_What this task involves_
Leave the images out and repeat the data exactly as given.
++++ Data segment
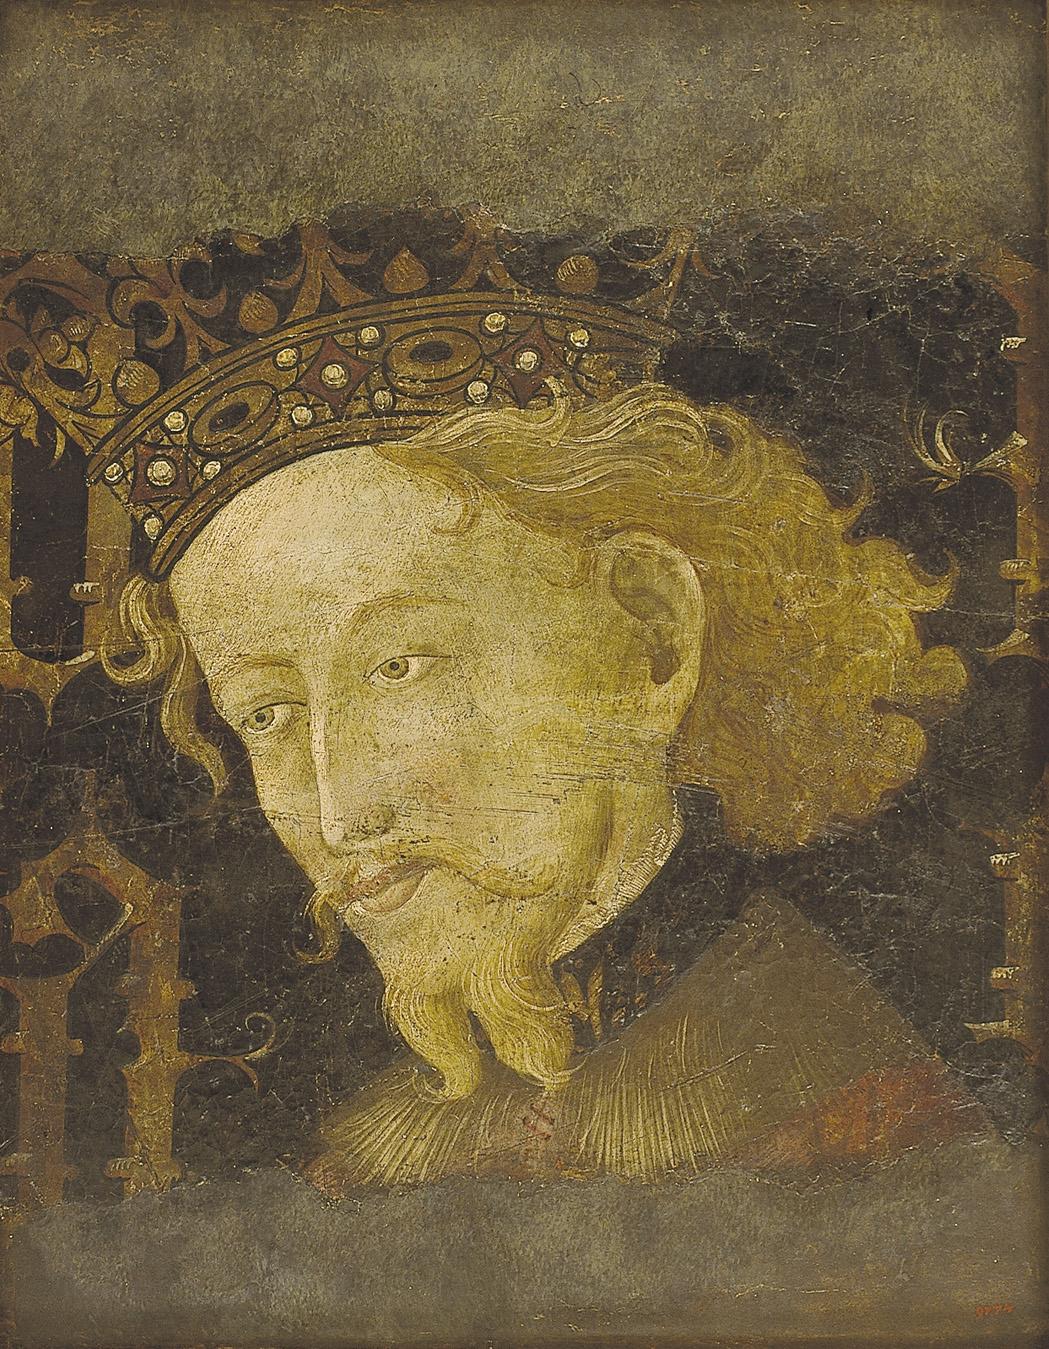 Jaume Mateu - Jaume I el Conqueridor - 1427
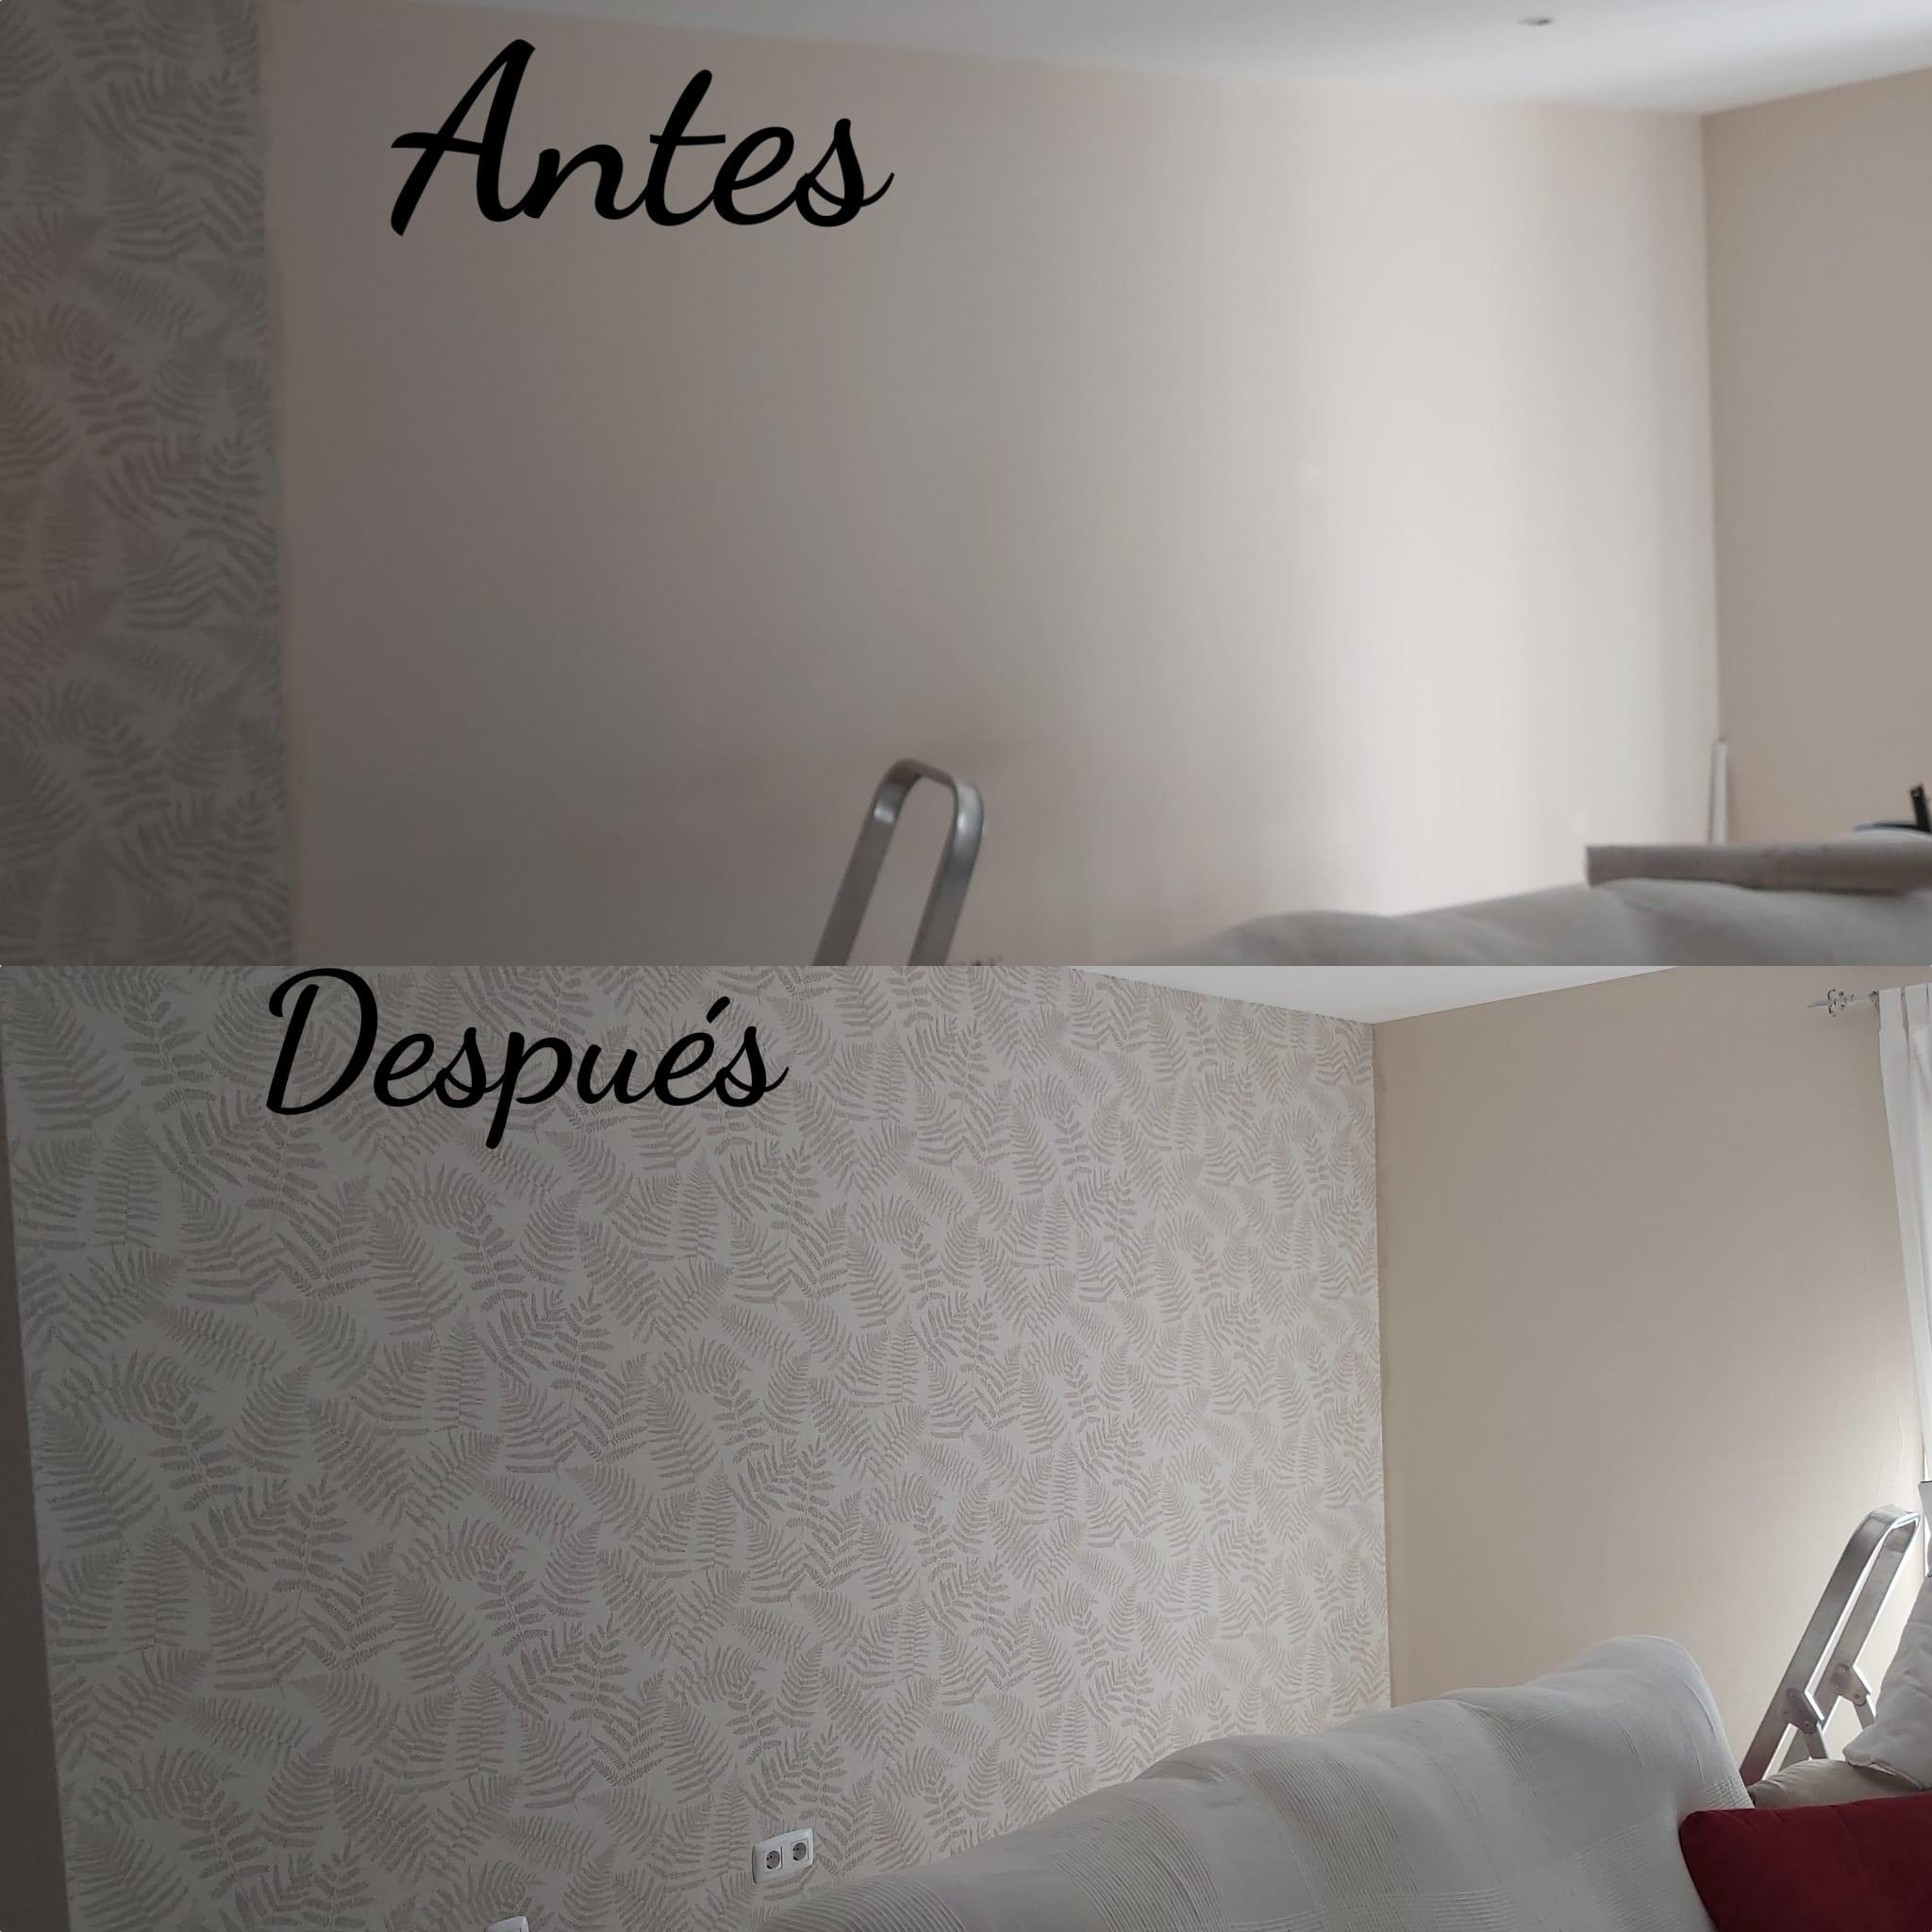 Empresa de pintores. Decoración de salón con papel pintado
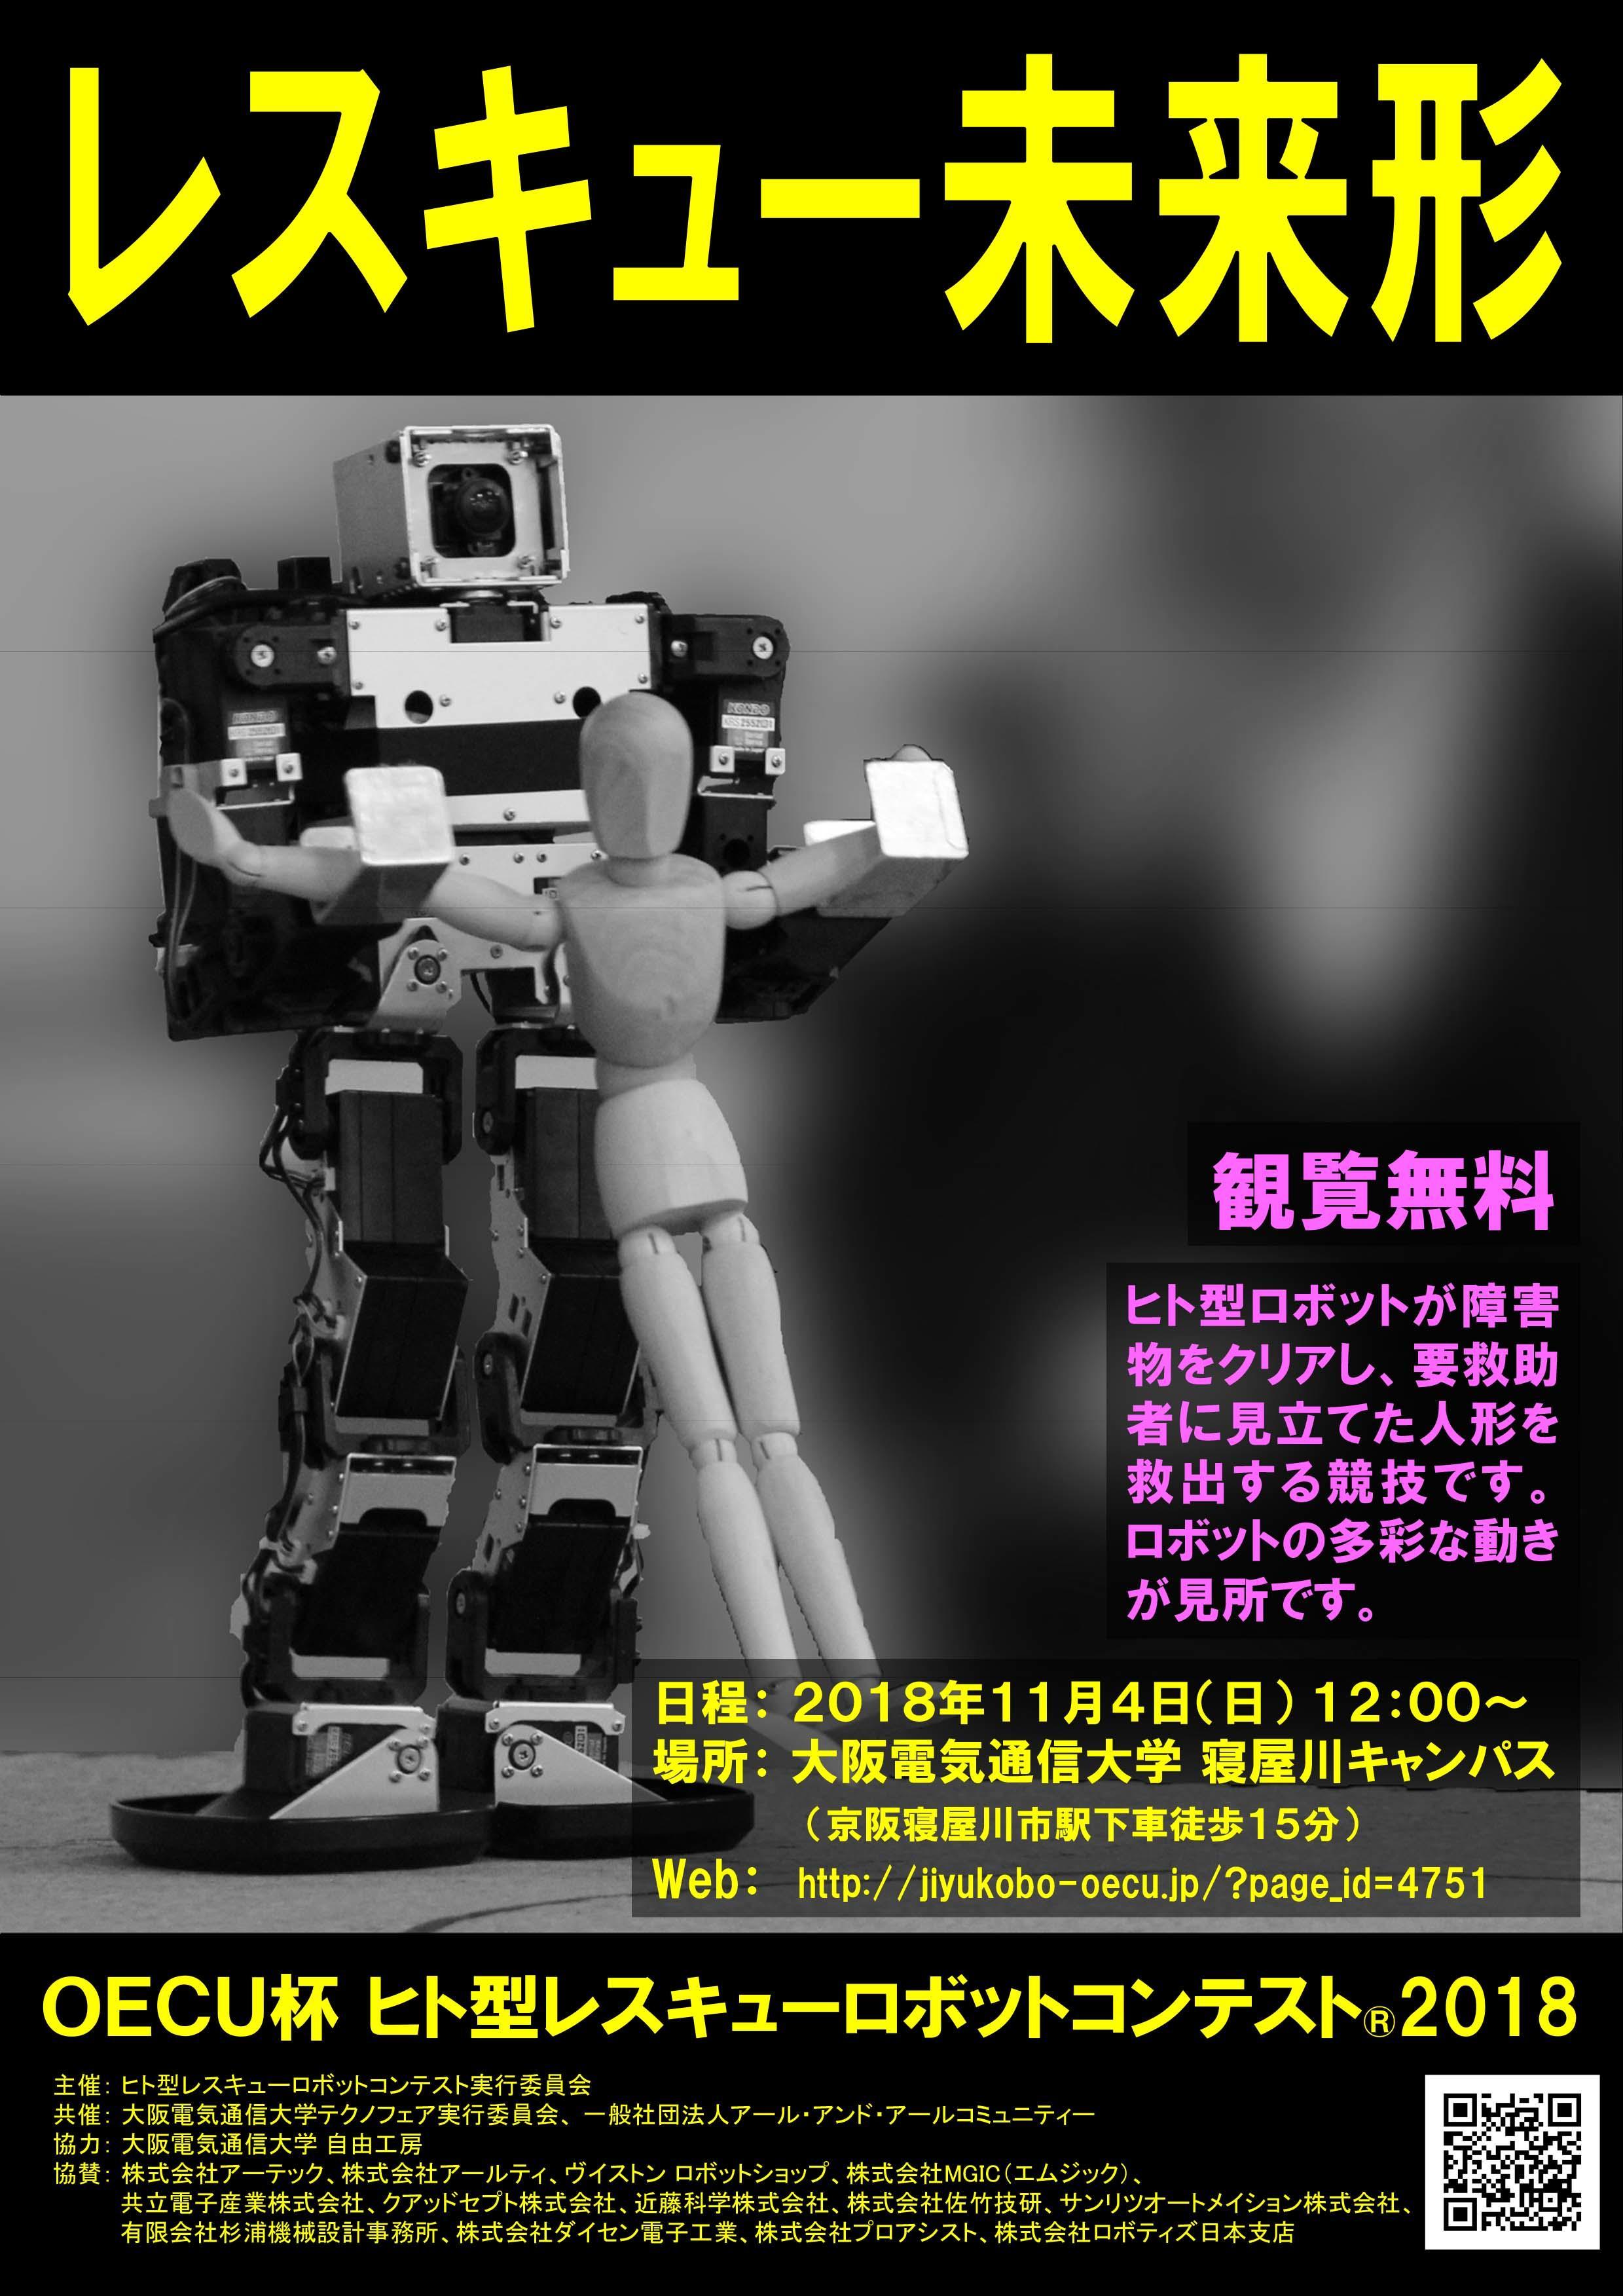 大阪電気通信大学で11月4日に「OECU杯 ヒト型レスキューロボットコンテスト 2018」を開催
++++++++
_Reply_
 Jaume Mateu - Jaume I el Conqueridor - 1427
 Empresa de pintores. Decoración de salón con papel pintado
 大阪電気通信大学で11月4日に「OECU杯 ヒト型レスキューロボットコンテスト 2018」を開催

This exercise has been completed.